How can trust be gained in a situation of change and uncertainty?
“You need to get close to people”, says Eskelinen. “Meet colleagues in Lithuania, Latvia, Estonia, wherever they are. Meet customers, talk to people, build objectives together. It takes a lot of discussion and open dialogue. Not everything can be done from a meeting room in Espoo.
I think it’s fair that colleagues see me as a whole. Knowing someone personally increases trust."

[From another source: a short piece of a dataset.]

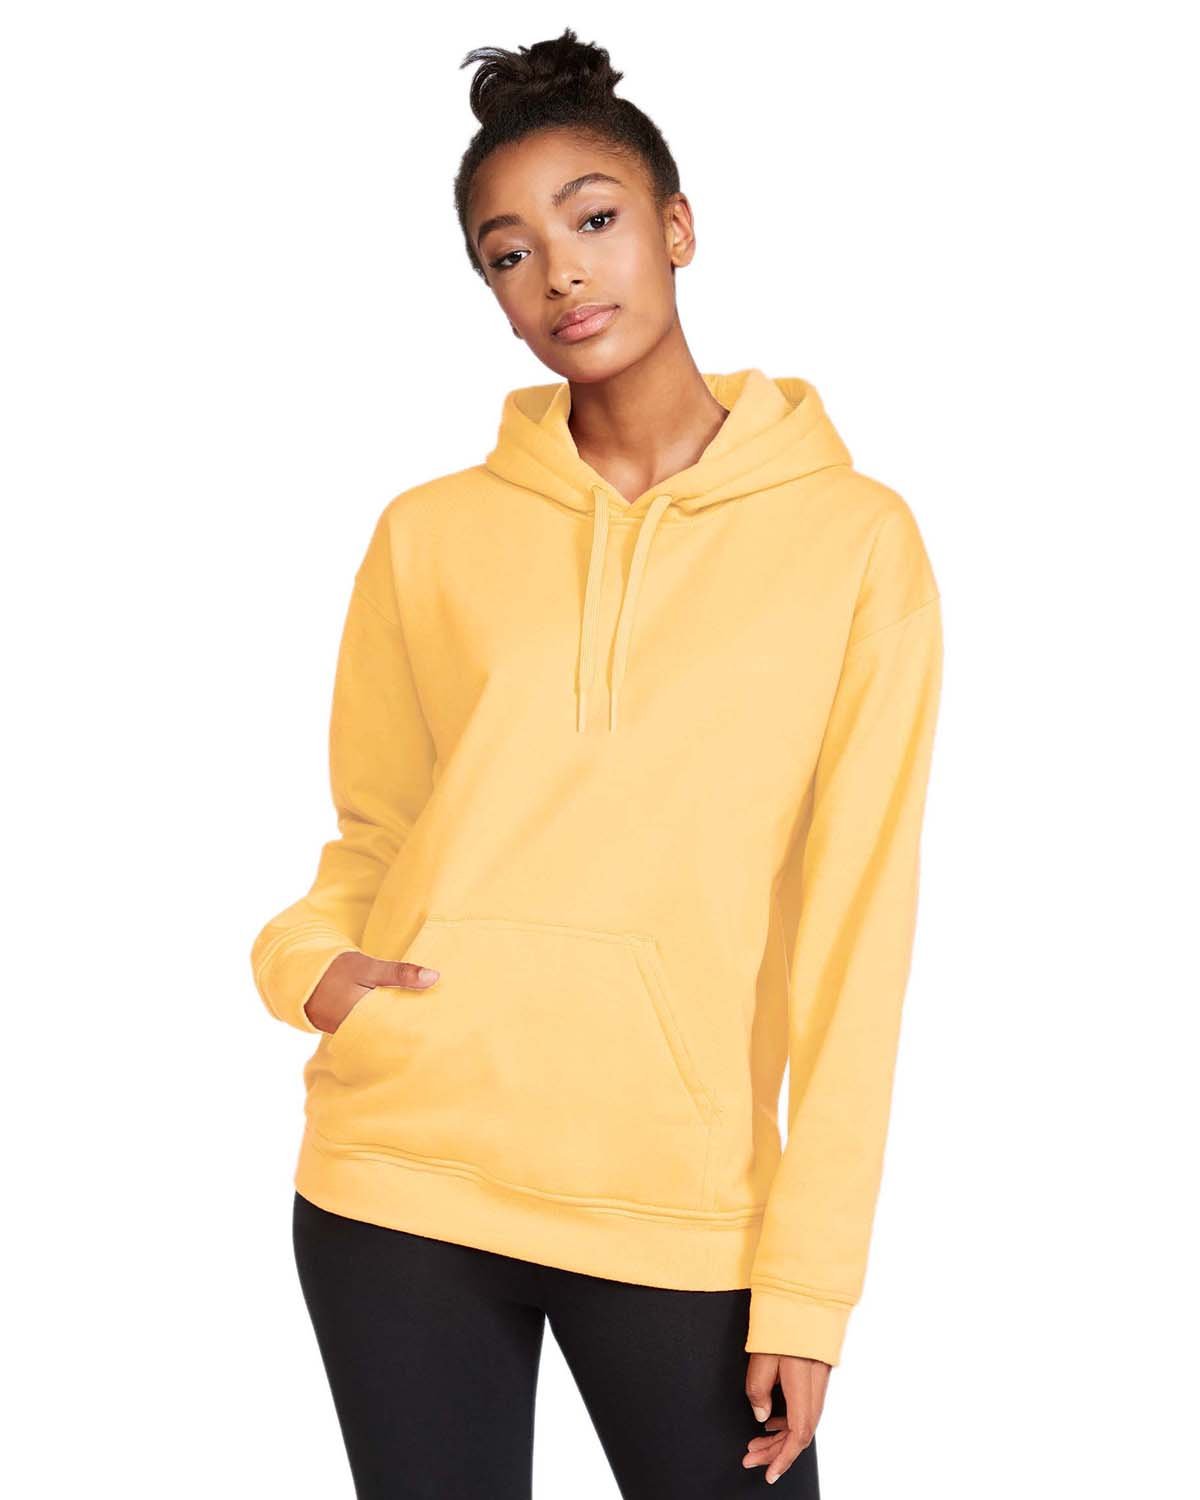 Gildan Softstyle Pullover Hooded Sweatshirt, Product

According to Eskelinen, as a leader he also shares personal issues and feelings with subordinates and colleagues. “I think it’s fair that colleagues see me as a whole. Knowing someone personally increases trust. I think it’s a good method to spend coffee and lunch breaks talking also about other things with people besides work. Whether it’s a Savo thing I don’t know… But I have noticed that it’s easier to trust someone when you know their motives, values, and what they are really like as human beings.”
What leadership skills would Eskelinen like to improve?
”I would like to be a better listener.”
Eskelinen says that throughout his career, he has tried to get people to talk openly without enforcing his own ideas too much. He is interested in the thought of an autonomous organization that is low in hierarchy. This is perhaps partly because he has been given a great deal of responsibility from a young age and seen the effect on performance, as long as goals are clear. The same method applied to the MBA studies, which brought together a bunch of smart people, who were given the chance to solve issues together.
“I have a thing for leadership through values and major, joint goals. Decentralized decision-making requires a clear direction, passion, and commitment”, says Eskelinen. “In my view, the brain power of people is not used enough and something I want to unleash.”